The above description is only a preferred embodiment of the present invention, and the protection scope of the present invention is not limited to the above embodiments, and all technical solutions belonging to the idea of the present invention belong to the protection scope of the present invention. It should be noted that modifications and adaptations to those skilled in the art without departing from the principles of the present invention should also be considered as within the scope of the present invention.

Claims

1. An image super-resolution reconstruction method is characterized by comprising the following steps: the method comprises the following steps:

inputting the extracted high-level features phi (y) and phi (G (x)) into a discriminator network, obtaining the countermeasure loss based on PU classification regularization, and determining a final target loss function as the weighted sum of the content loss and the countermeasure loss;

2. The image super-resolution reconstruction method according to claim 1, characterized in that: the PU framework in the third step is as follows:

wherein, P_dataRepresenting the distribution of real samples, Z being the distribution P from the prior experiment_zRandom noise of middle sampling, D (x) is x predicted as real number by discriminatorAccording to the probability, f₁(. is a loss classifying the input as a true sample, f₂(. cndot.) is the loss of classifying the input as a generating sample, and π is the a priori knowledge, i.e., the proportion of high quality samples in the generating sample.

3. The image super-resolution reconstruction method according to claim 1 or 2, characterized in that: the adaptive evolution equation of a-Charbon in the fourth step is as follows:

is the a-Charbon regularization term.

4. The image super-resolution reconstruction method according to claim 1 or 2, characterized in that: the objective loss function in step three is as follows:

l＝l_charbon+0.008l_VGG-charbon+2×10^-6l_α-charbon+10^-3l_PU-Gen

wherein l_charbonFor content loss,/_VGG-charbonLoss to improve VGG loss,/_α-charbonIs a-Charb loss, l_PU-GenIndicating a loss of resistance.

5. The image super-resolution reconstruction method according to claim 4, characterized in that: the content loss is defined as follows:

6. The image super-resolution reconstruction method according to claim 5, characterized in that: the loss of improvement in VGG loss is defined as follows:

wherein phi_5，4Represents the characteristic graph, W, obtained after 4 th convolution Relu before the 5 th maximum pooling layer in VGG network_5，4And H_5，4Respectively representing the width and height of the corresponding feature map.

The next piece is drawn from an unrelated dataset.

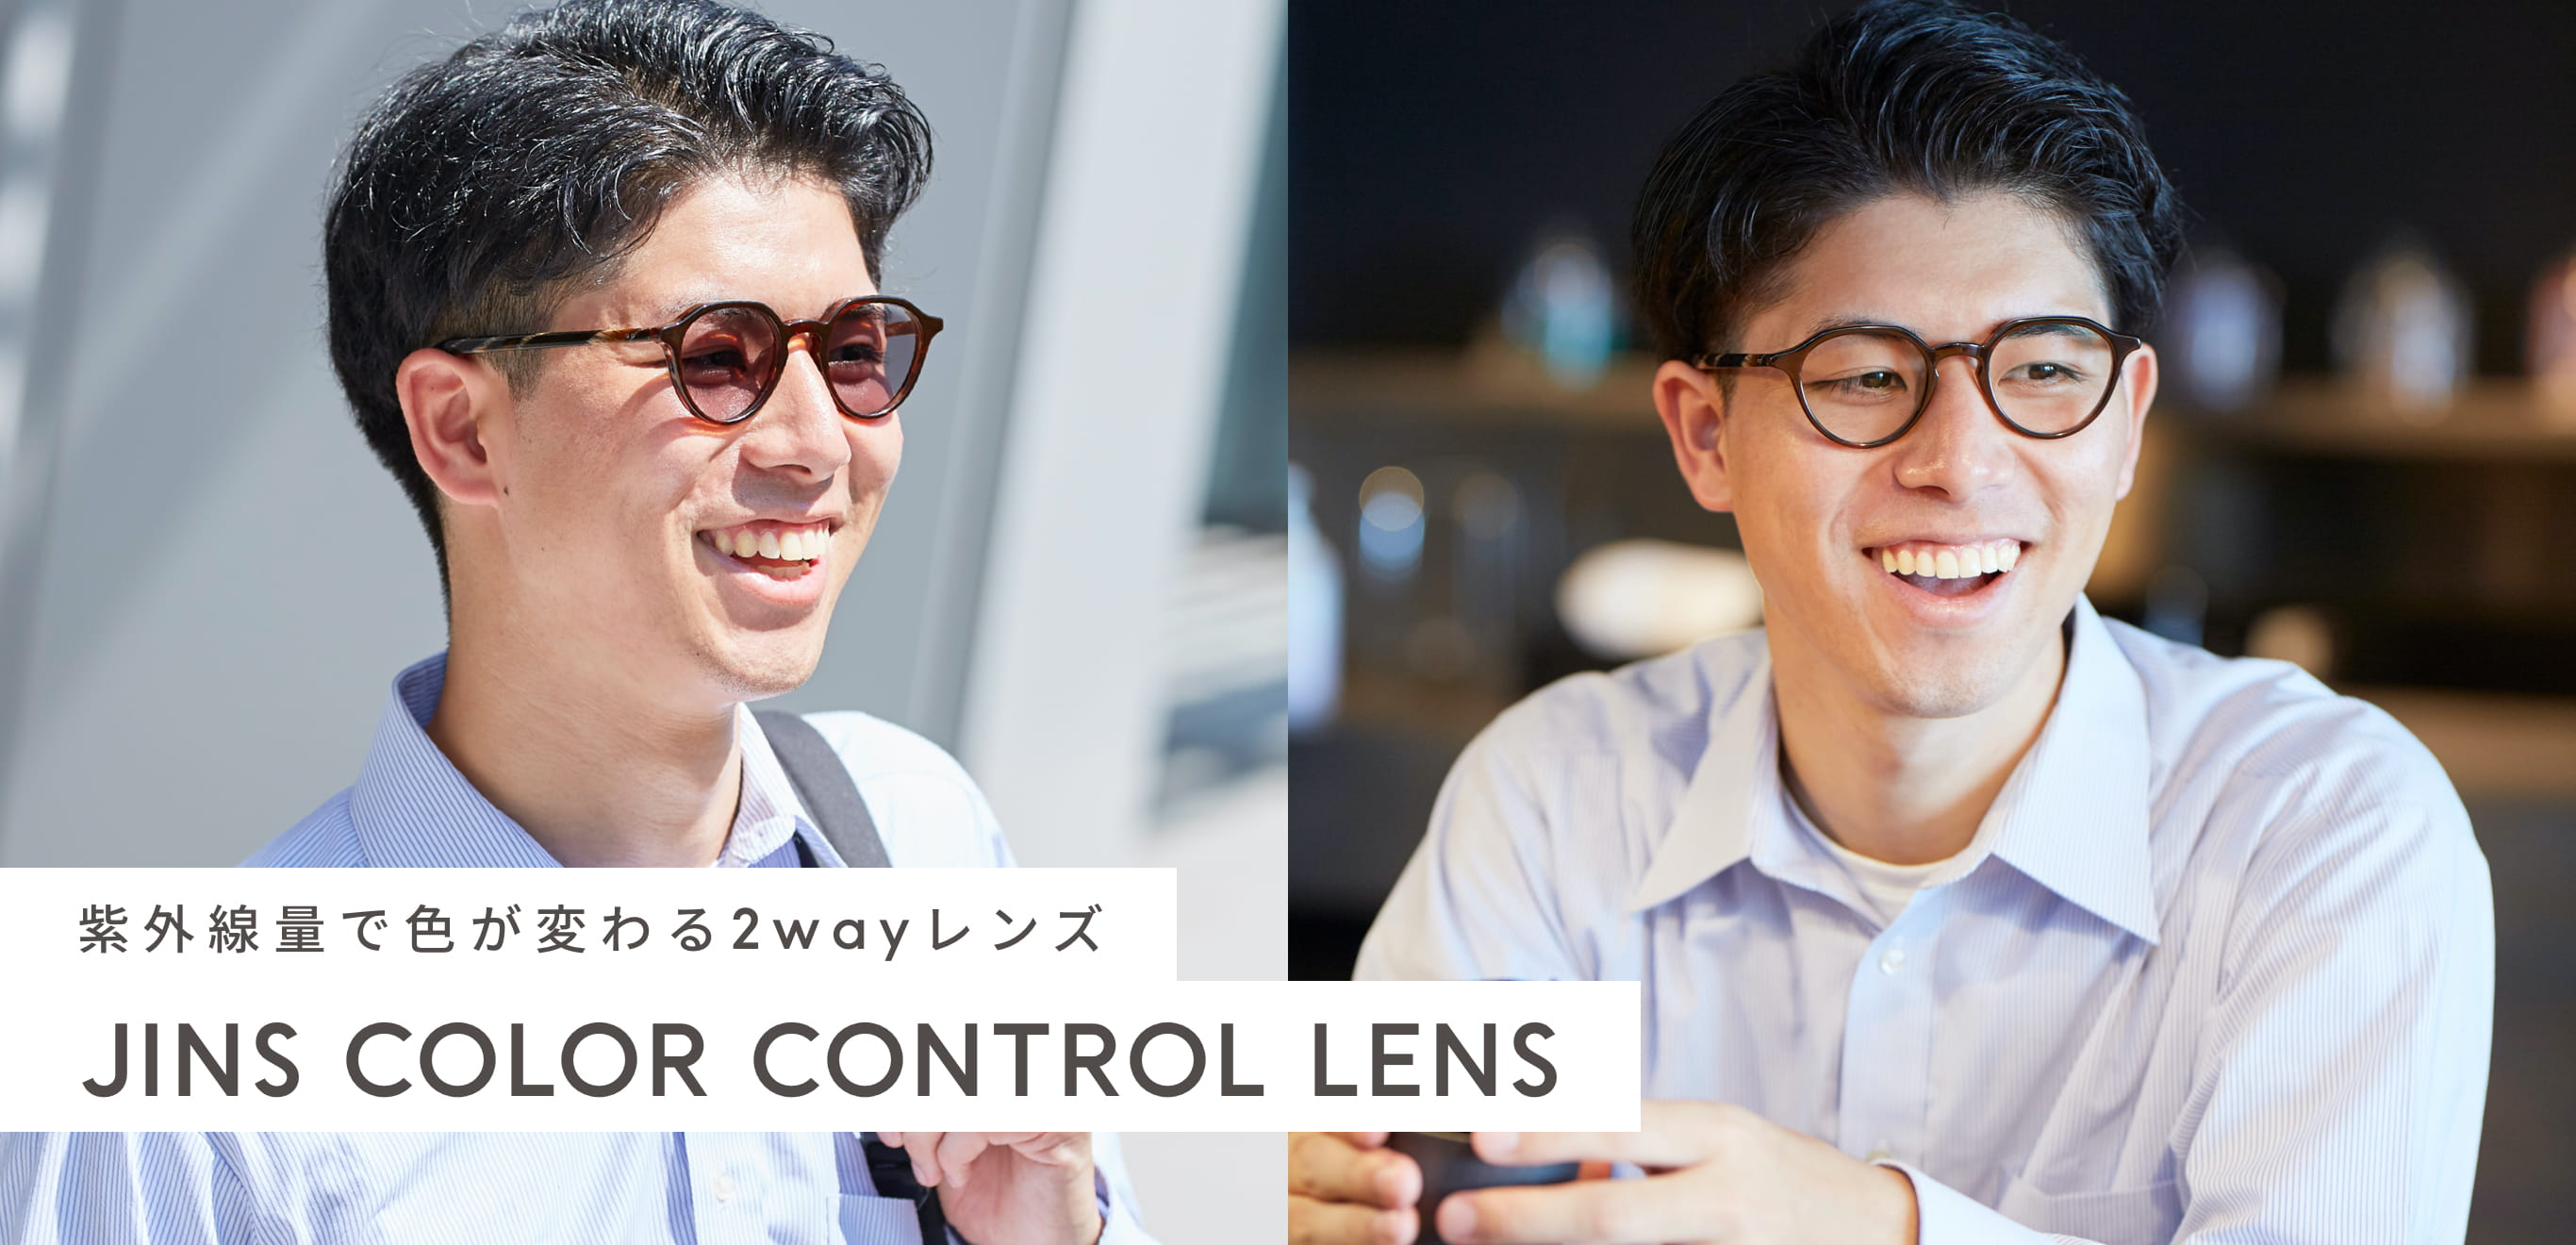 レンズ 交換 ジンズ JINSの保証期間内にできること フレーム交換・レンズ交換、返品について

7. The image super-resolution reconstruction method according to claim 6, wherein: the a-Charb loss is defined as follows:

8. The image super-resolution reconstruction method according to claim 4, characterized in that: the resistance loss is defined as follows:

wherein，ε＝10^-2For preventing the logarithmic term from being 0, theta_dAnd the parameters of the discriminator are represented, pi represents class prior knowledge, namely positive data proportion in unlabeled data, n represents the number of training samples, and lambda is a regularization parameter.